Type 2 diabetes mellitus (DM2) is associated with coronary heart disease (CHD) and is characterized by high levels of plasminogen activator inhibitor (PAI)-1. Circulating microRNAs have been reported as potential diagnostic biomarkers for DM2 and CHD. However, the underlying mechanisms have largely remained unclear.
The changes of circulating miR-30c, PAI-1 and vitronetin (VN) in plasma from CHD, noncomplicated (NC) + DM2, CHD + DM2 subjects and control individuals were assessed by quantitative reverse transcription PCR (qRT-PCR) and ELISA assays, respectively. The effects of miR-30c on VN expression by targeting PAI-1 were assessed in vitro SMC and in ex vivo plasma, using bioinformatic analysis, miRNA transfection, luciferase assays, qRT-PCR and western blot, respectively.
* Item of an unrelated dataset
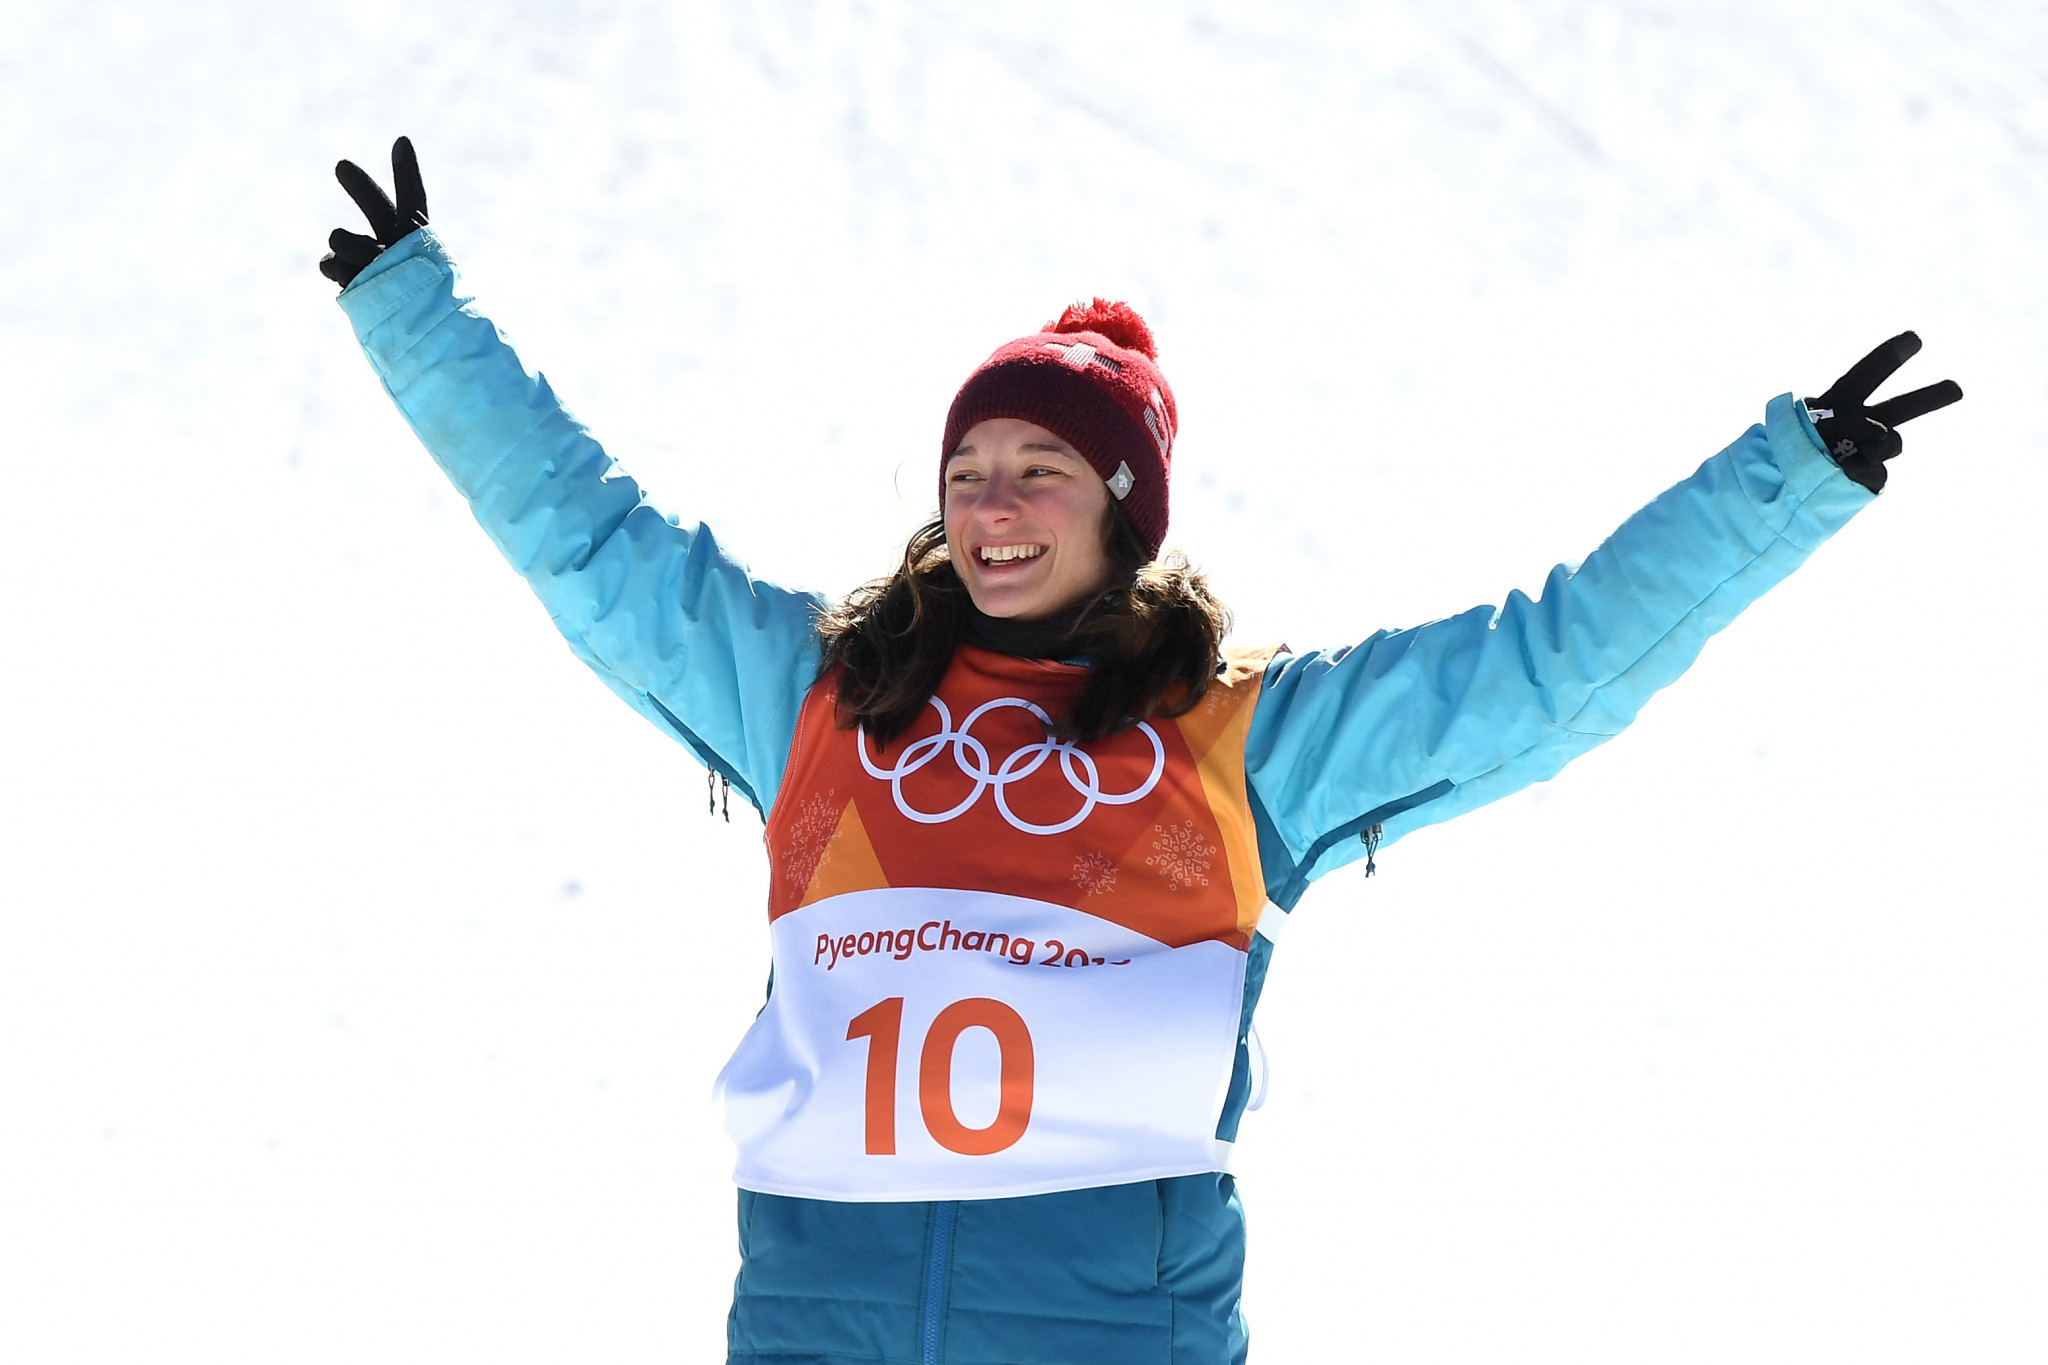 Switzerland's Sarah Höfflin saved her best performance until last as a superb display propelled her to the Olympic gold medal in the women's ski slopestyle event ©Getty Images

We found that decreased circulating miR-30c was negatively correlated with the severity of coronary lesions and the resulting elevated PAI-1 and VN levels. Circulating miR-30c significantly distinguished between patients with CHD + DM2, NC + DM2, CHD and control subjects, and that were significantly associated with certain risk factors for progression from a normal individual to one with CHD + DM2. Furthermore, we also showed that miR-30c plays a previously unrecognized role in regulating the expression of VN levels via regulating PAI-1 levels in vitro SMC and in ex vivo plasma.
These findings provide a novel regulatory mechanism of miR-30c in regulating PAI-1/VN interactions and that may serve as a diagnostic biomarker of DM2 that is complicated with CHD.
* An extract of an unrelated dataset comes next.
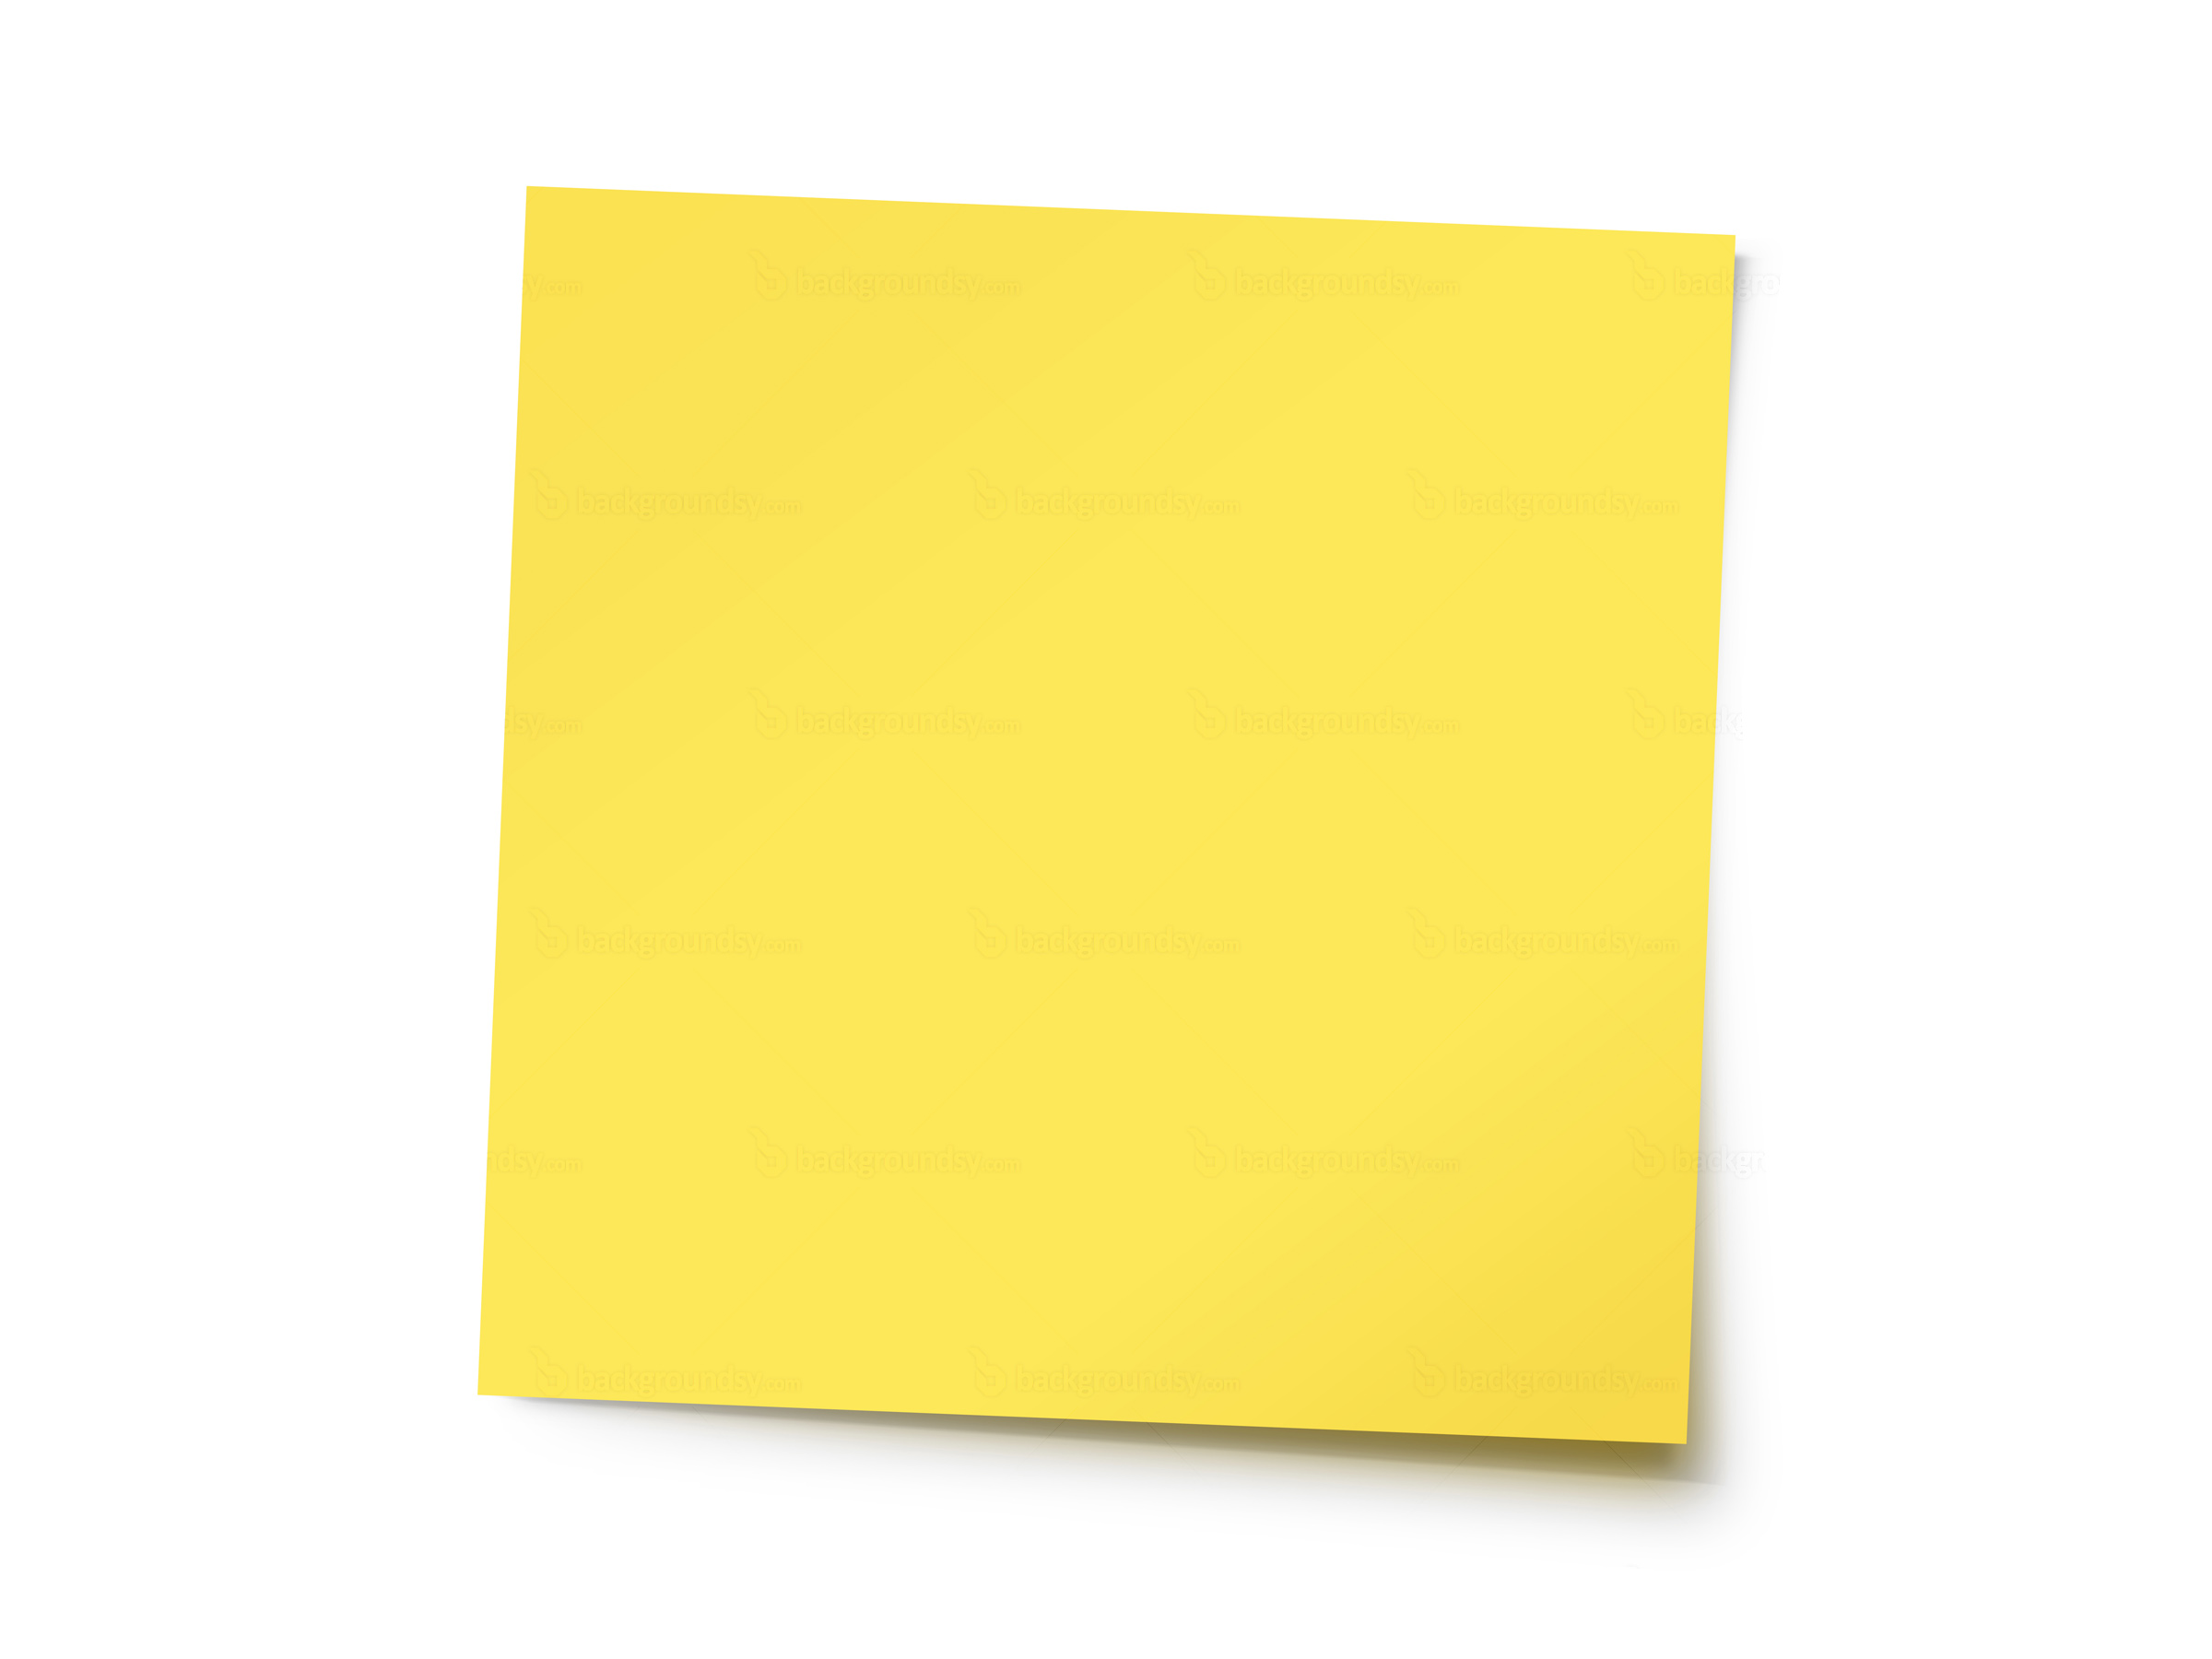 Post It Note PNGs for Free Download

2 型糖尿病(DM2)与冠心病(CHD)相关,其特征在于纤溶酶原激活物抑制剂(PAI-1)水平升高。循环 microRNA 已被报道为 DM2 和 CHD 的潜在诊断生物标志物。然而,其潜在机制在很大程度上仍不清楚。
通过定量逆转录 PCR(qRT-PCR)和 ELISA 测定分别评估 CHD、非合并(NC)+DM2、CHD+DM2 患者和对照个体血浆中循环 miR-30c、PAI-1 和 vitronectin(VN)的变化。通过生物信息学分析、miRNA 转染、荧光素酶测定、qRT-PCR 和 Western blot,分别评估 miR-30c 通过靶向 PAI-1 对 VN 表达的影响。
我们发现,循环 miR-30c 的减少与冠状动脉病变的严重程度呈负相关,导致 PAI-1 和 VN 水平升高。循环 miR-30c 可显著区分 CHD+DM2、NC+DM2、CHD 和对照患者,且与从正常个体发展为 CHD+DM2 个体的某些危险因素显著相关。此外,我们还表明,miR-30c 通过调节体外 SMC 和离体血浆中的 PAI-1 水平,在调节 VN 水平方面发挥了以前未被认识的作用。
这些发现提供了 miR-30c 通过调节 PAI-1/VN 相互作用的新的调节机制,可能作为伴有 CHD 的 DM2 的诊断生物标志物。